እናንተ ያመናችሁ ሆይ! (መልክተኛው) ሕያው ወደሚያደርጋችሁ እምነት በጠራችሁ ጊዜ ለአላህና ለመልክተኛው ታዘዙ፡፡ አላህም በሰውየውና በልቡ መካከል የሚጋርድ መኾኑን ወደርሱም የምትሰበሰቡ መኾናችሁን እወቁ፡፡

Tamilce: 

நம்பிக்கையாளர்களே! அல்லாஹ்விற்கும், (அவனுடைய) தூதருக்கும் - அவர் உங்களுக்கு (உயர்வான) வாழ்க்கையை தரக்கூடியதன் பக்கம் உங்களை அழைத்தால் - பதிலளியுங்கள் (உடனே கீழ்ப்படிந்து நடங்கள்!). இன்னும், “நிச்சயமாக அல்லாஹ் மனிதனுக்கும் அவனுடைய உள்ளத்திற்கும் நடுவில் தடையாகிறான். இன்னும், நிச்சயமாக நீங்கள் அவனிடமே ஒன்றுதிரட்டப்படுவீர்கள்” என்பதை அறிந்து கொள்ளுங்கள்.

Korece: 

믿는자들이여 하나님과 선지자의 부름에 응하라 그분은 너희 를 불러 생명을 주시니 하나님은 인간과 그 마음사이에 오가심을 너희가 알라 하셨으니 실로 너희 는 그분에게로 집산되니라

Vietnamca: 

Hỡi những người có đức tin!

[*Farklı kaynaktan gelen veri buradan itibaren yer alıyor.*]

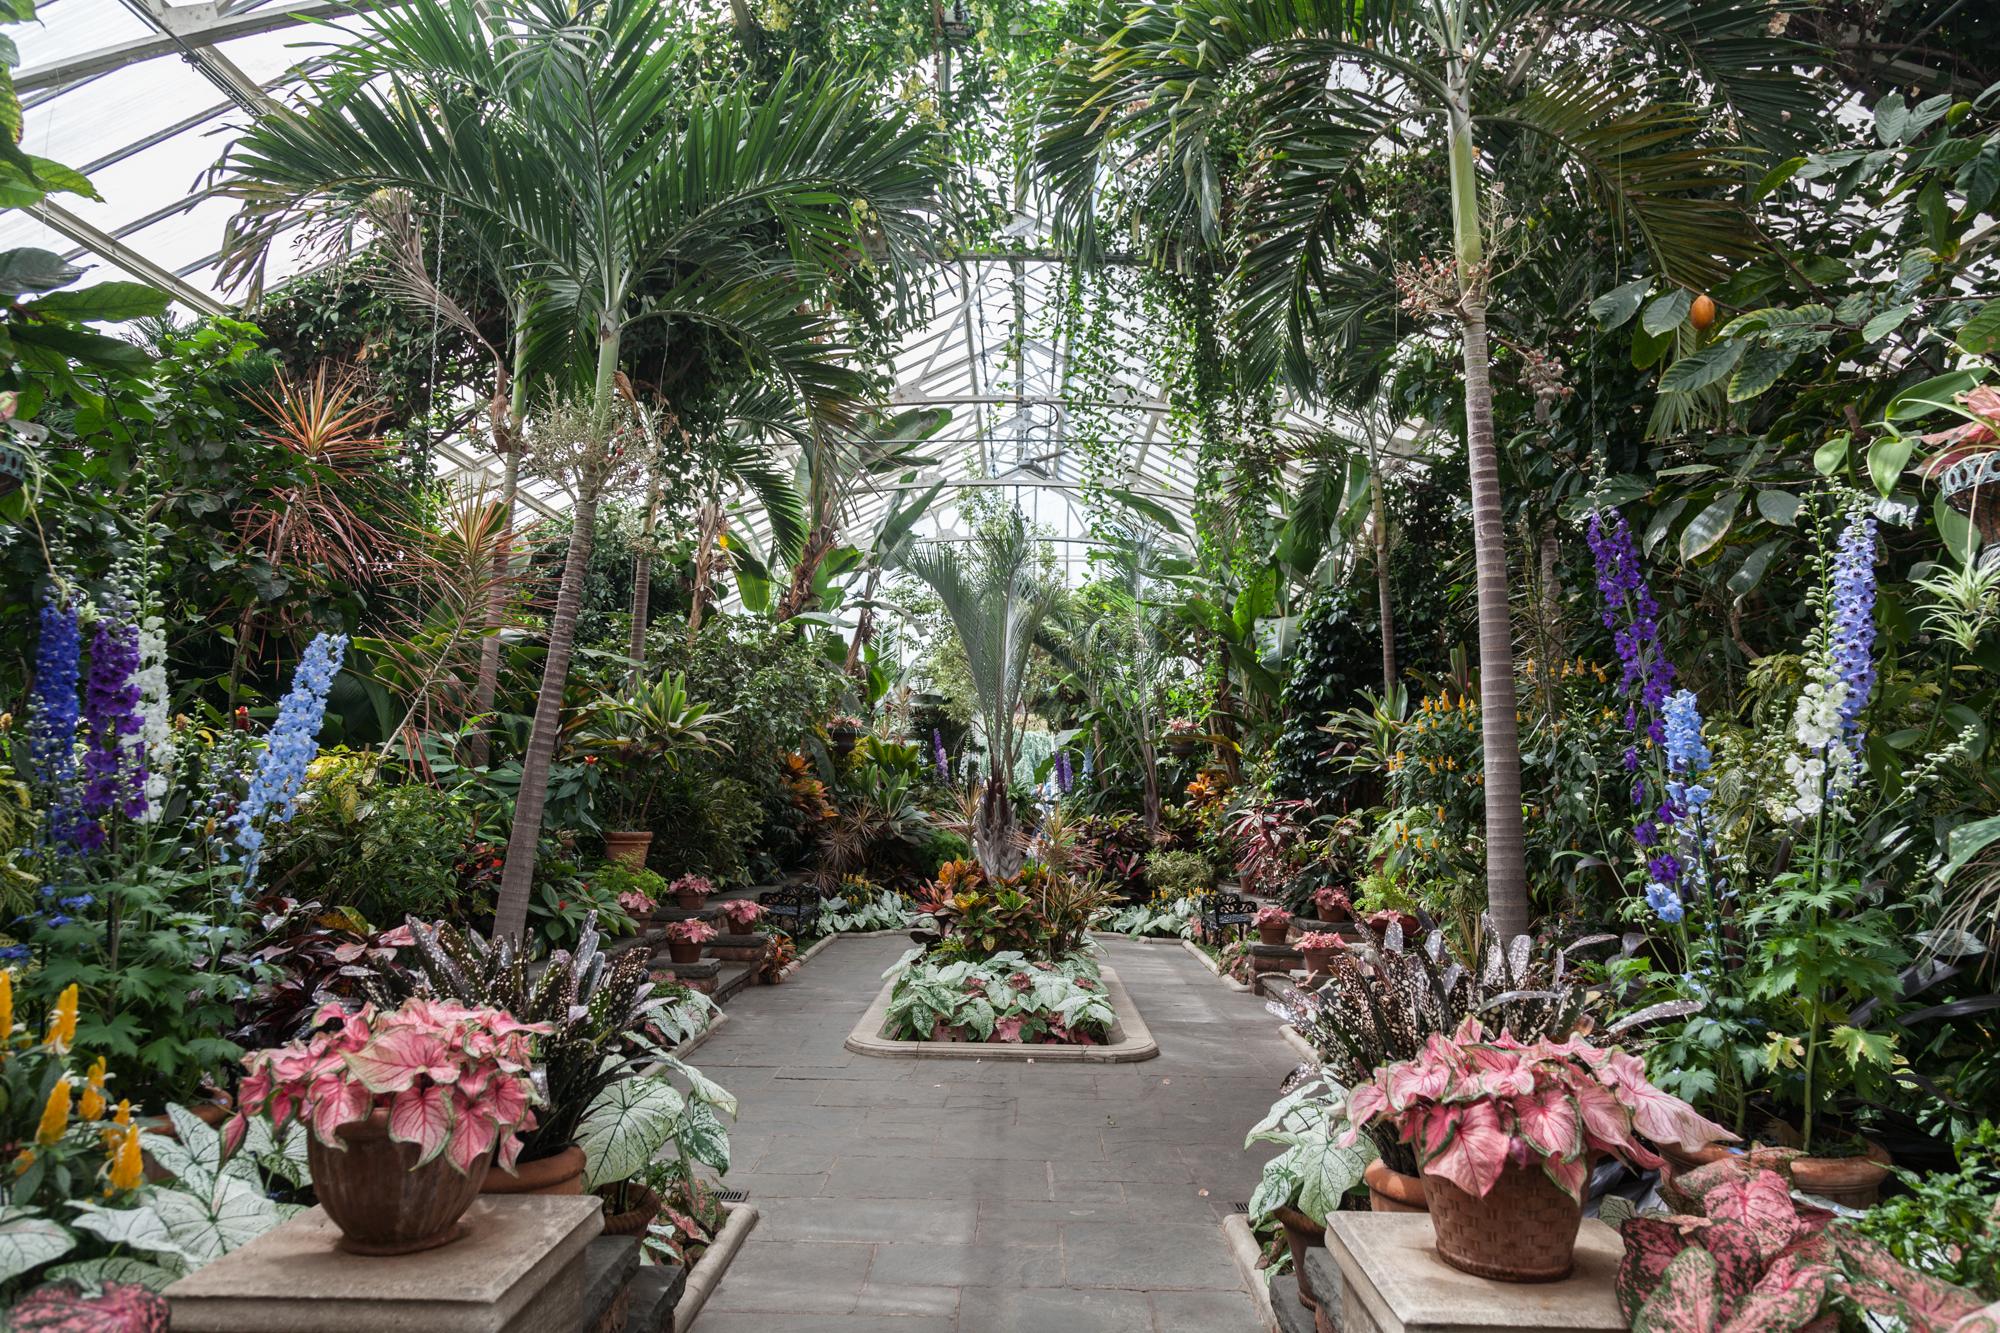 The grandeur of the main greenhouse

Các ngươi hãy đáp lại lời mời gọi của Allah và Thiên Sứ (của Ngài) khi Y mời gọi các ngươi đến với điều giúp các ngươi sống (tốt lành). Các ngươi hãy biết rằng Allah can thiệp giữa một người và trái tim của y và rồi đây các ngươi sẽ phải quay về trình diện Ngài.